COLLECTED DATA |
%%
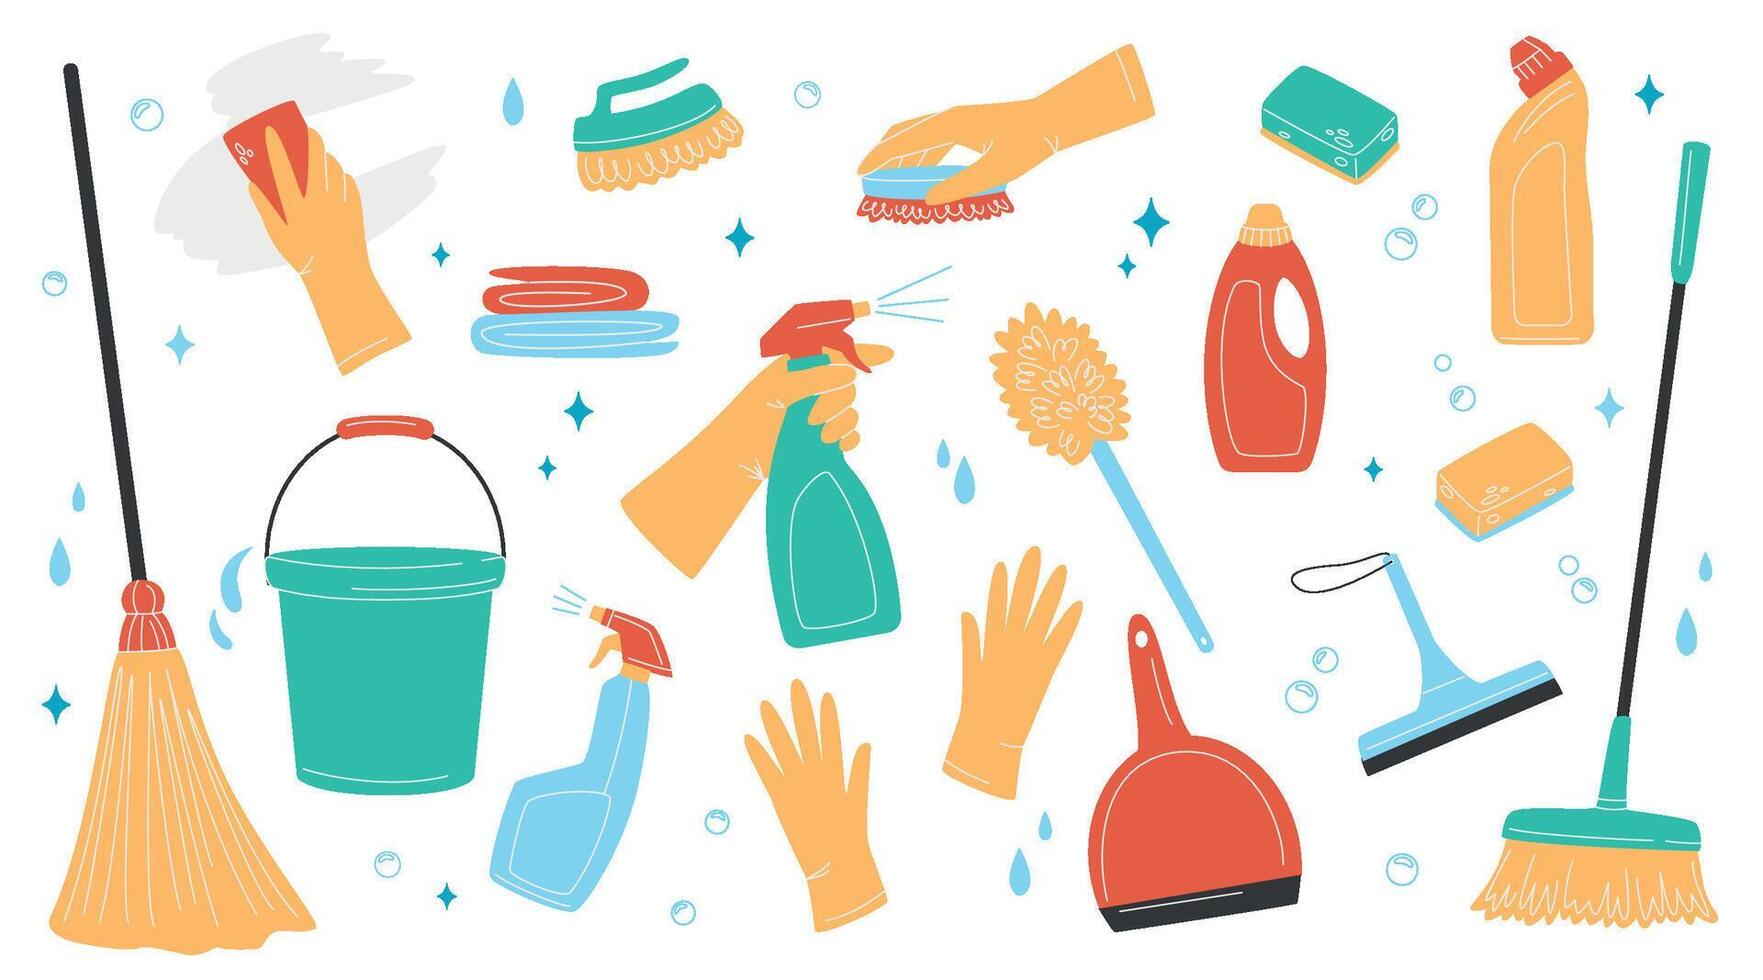 Hand gezeichnet einstellen von Reinigung Lieferungen, Flaschen, Bürste, sprühen, Schwamm, Handschuhe. Hausarbeit und Reinigung Konzept. verschiedene Reinigung Artikel. isoliert Vektor Abbildungen
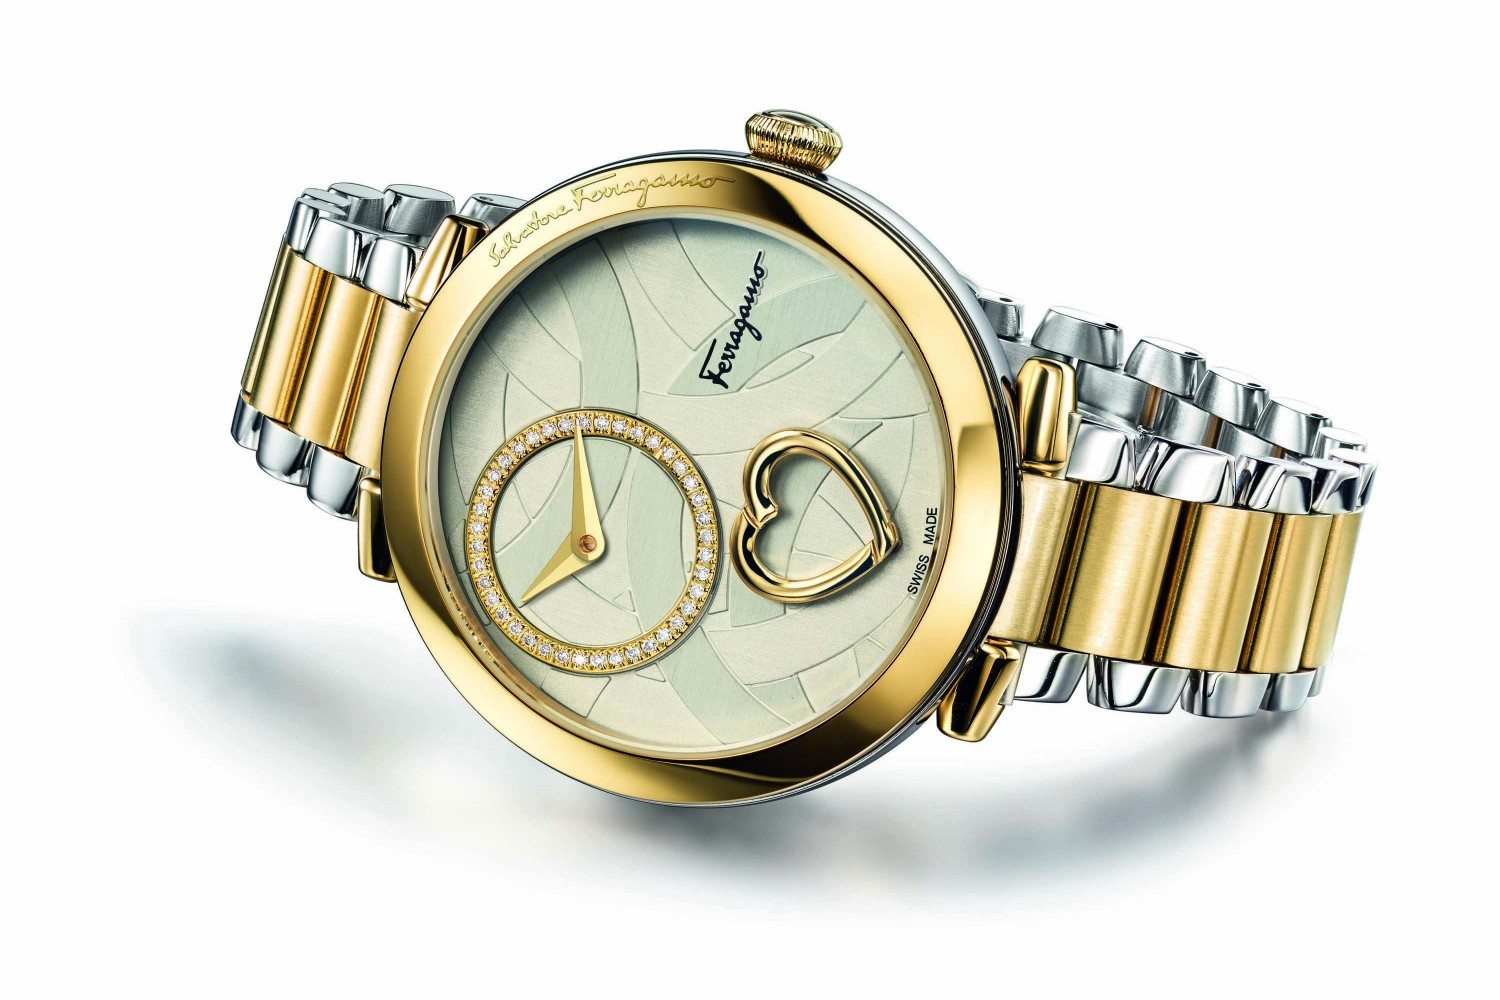 ACCESSORY SPOTLIGHT: A look at Salvatore Ferragamo’s Timepiece Collection Cuore
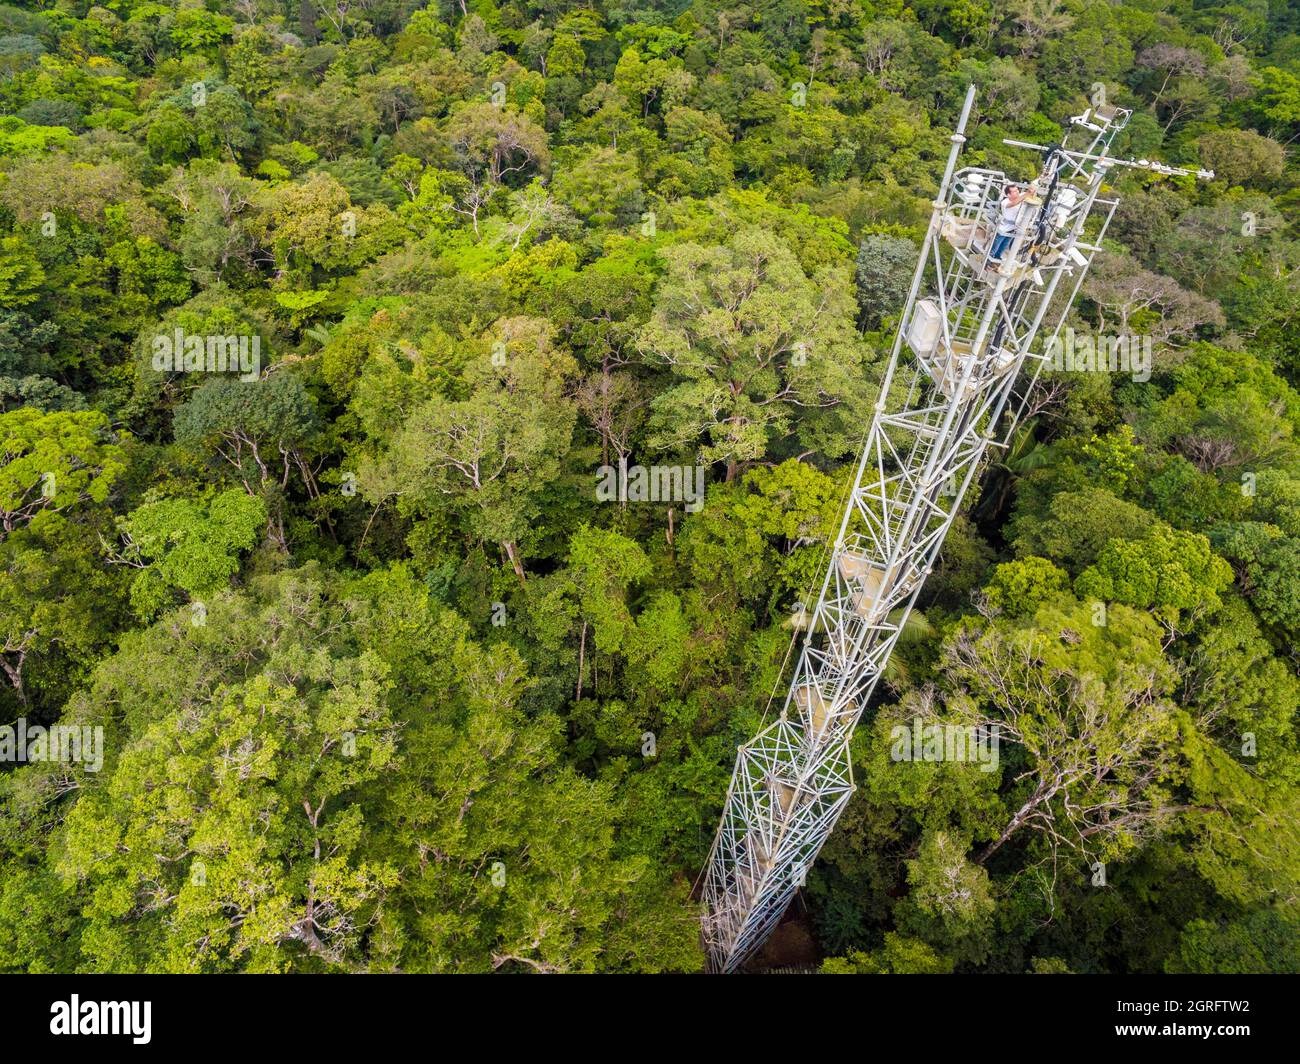 Station de recherche France, Guyane française, Kourou, Paracou (gérée par le Cirad) étudiant les échanges de gaz (cycle du carbone) entre les différentes couches de la forêt tropicale, vue aérienne de la tour de Guyaflux (vue aérienne) Banque D'Images
%%
EXERCISE PROMPT |
Your task is to return the lines above, from the first one up to and including the line containing "ACCESSORY SPOTLIGHT: A", minus any pictures.

EXPECTED ANSWER |
 Hand gezeichnet einstellen von Reinigung Lieferungen, Flaschen, Bürste, sprühen, Schwamm, Handschuhe. Hausarbeit und Reinigung Konzept. verschiedene Reinigung Artikel. isoliert Vektor Abbildungen
 ACCESSORY SPOTLIGHT: A look at Salvatore Ferragamo’s Timepiece Collection Cuore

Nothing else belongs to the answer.